FIDEX: Filtering Spreadsheet Data using Examples
Xinyu Wang, Sumit Galwani, and Rishabh Singh: "FIDEX: Filtering Spreadsheet Data using Examples". OOPSLA 2016, https://www.cs.utexas.edu/~xwang/pubs/oopsla16.pdf.
Data filtering in spreadsheets is a common problem faced by millions of end-users. The task of data filtering requires a computational model that can separate intended positive and negative string instances. We present a system, FIDEX, that can efficiently learn desired data filtering expressions from a small set of positive and negative string examples.
There are two key ideas of our approach. First, we design an expressive DSL to represent disjunctive filter expressions needed for several real-world data filtering tasks. Second, we develop an efficient synthesis algorithm for incrementally learning consistent filter expressions in the DSL from very few positive and negative examples. A DAG-based data structure is used to succinctly represent a large number of filter expressions, and two corresponding operators are defined for algorithmically handling positive and negative examples, namely, the intersection and subtraction operators. FIDEX is able to learn data filters for 452 out of 460 real-world data filtering tasks in real time (0.22s), using only 2.2 positive string instances and 2.7 negative string instances on average.

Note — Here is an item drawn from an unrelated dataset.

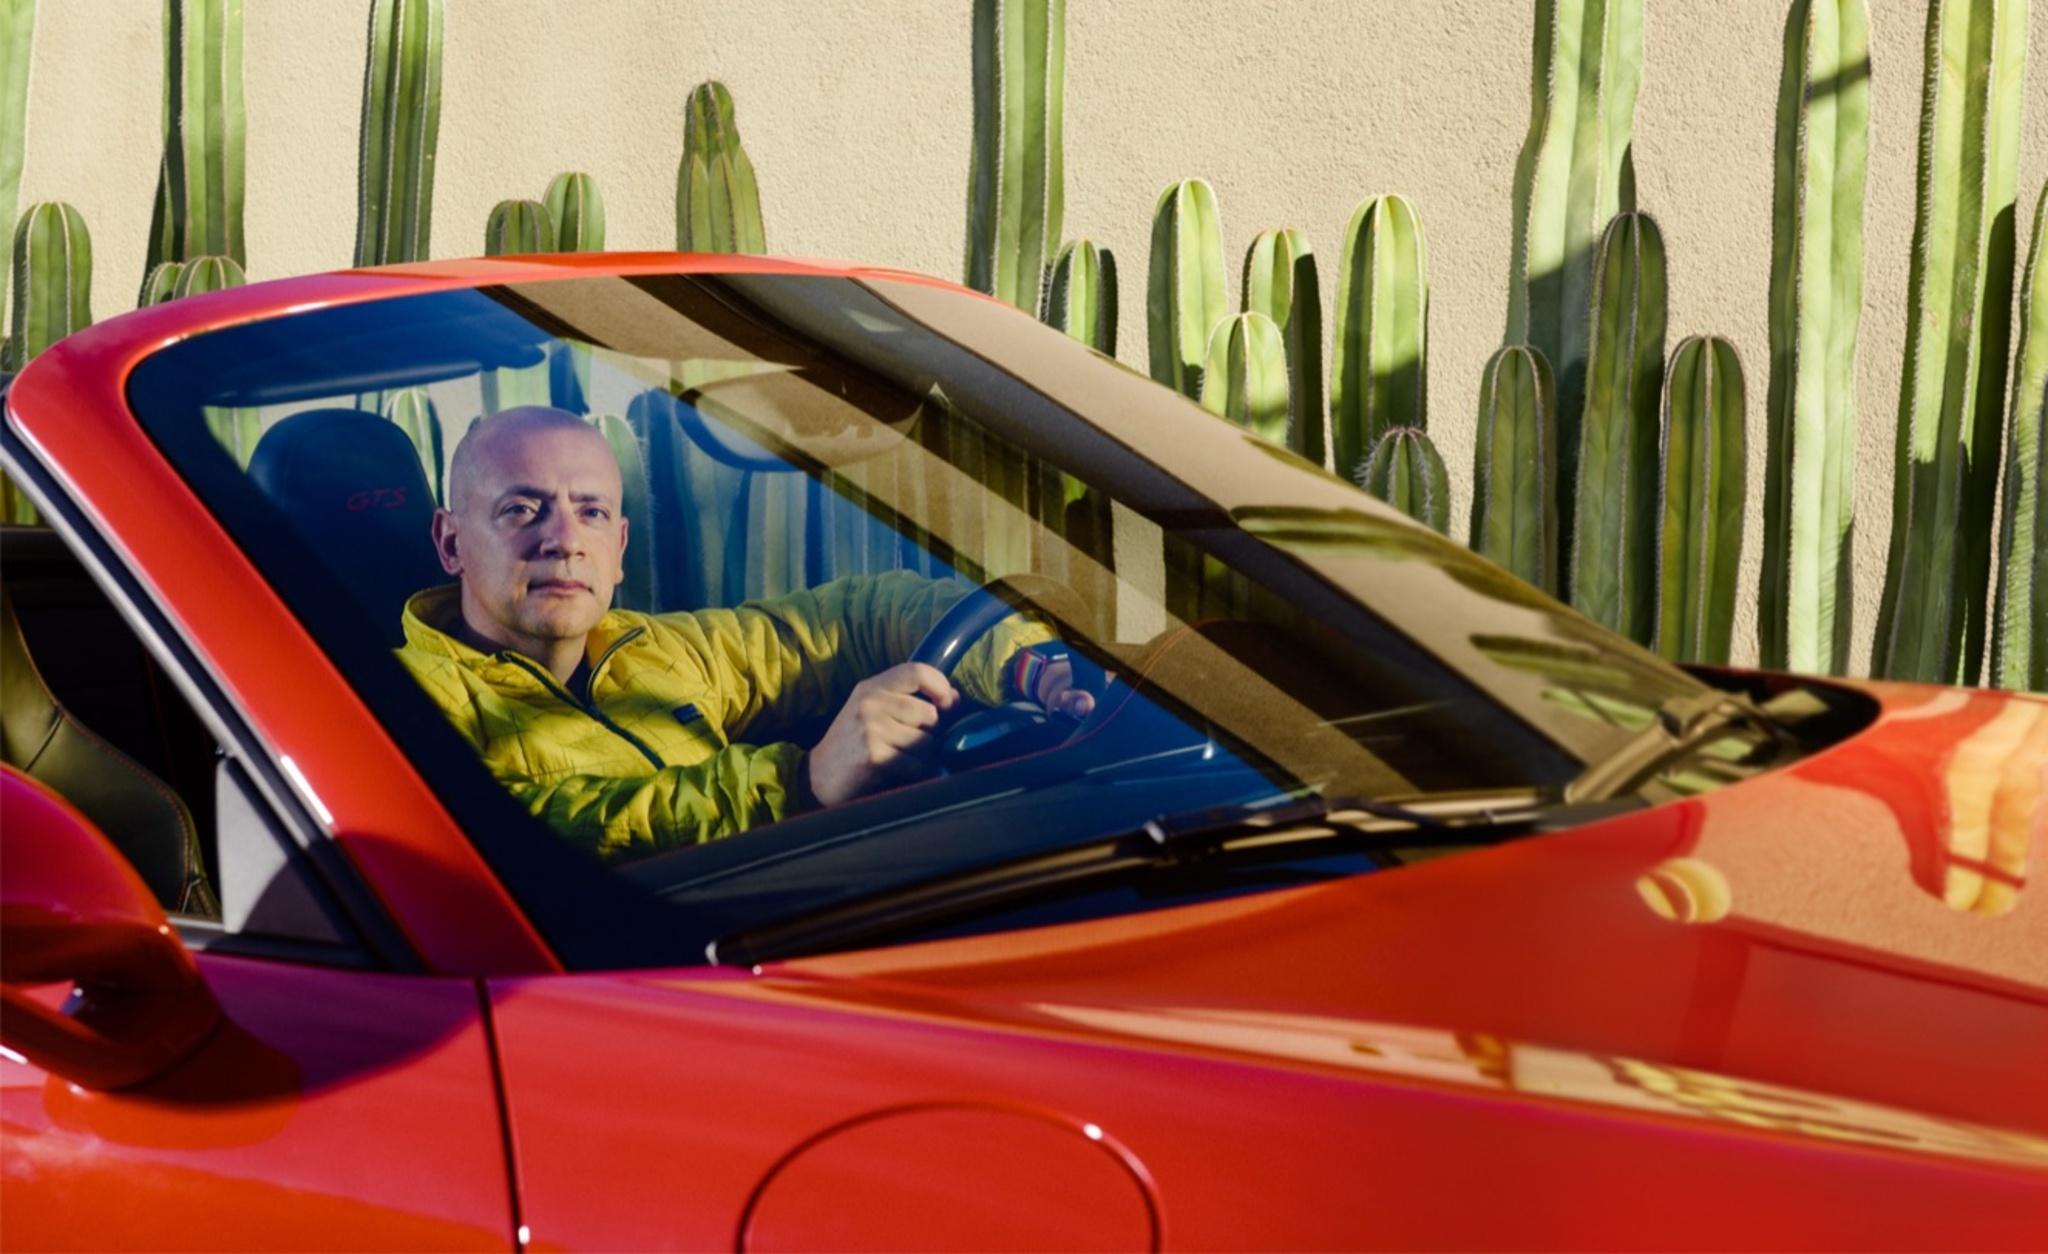 Once a refugee, Haddad now runs the high-end car-rental app Turo.

Another solid piece of engineering, another reason to be sad that I won't be at SPLASH this year. The authors start by creating a small language to describe the things that people do when filtering spreadsheet data, like starts-with, ends-with, matches, and contains. They then create a sound, complete, and efficient algorithm that learns how to construct filter expressions using these operations along with intersection and subtraction operators. They then show that their algorithm learns both quickly enough and well enough to be useful to real people. And yes, it only works on strings (for now), and cannot yet handle noisy examples, but given the quality of the engineering shown off here, I'm confident the authors will have lots to report on both fronts soon.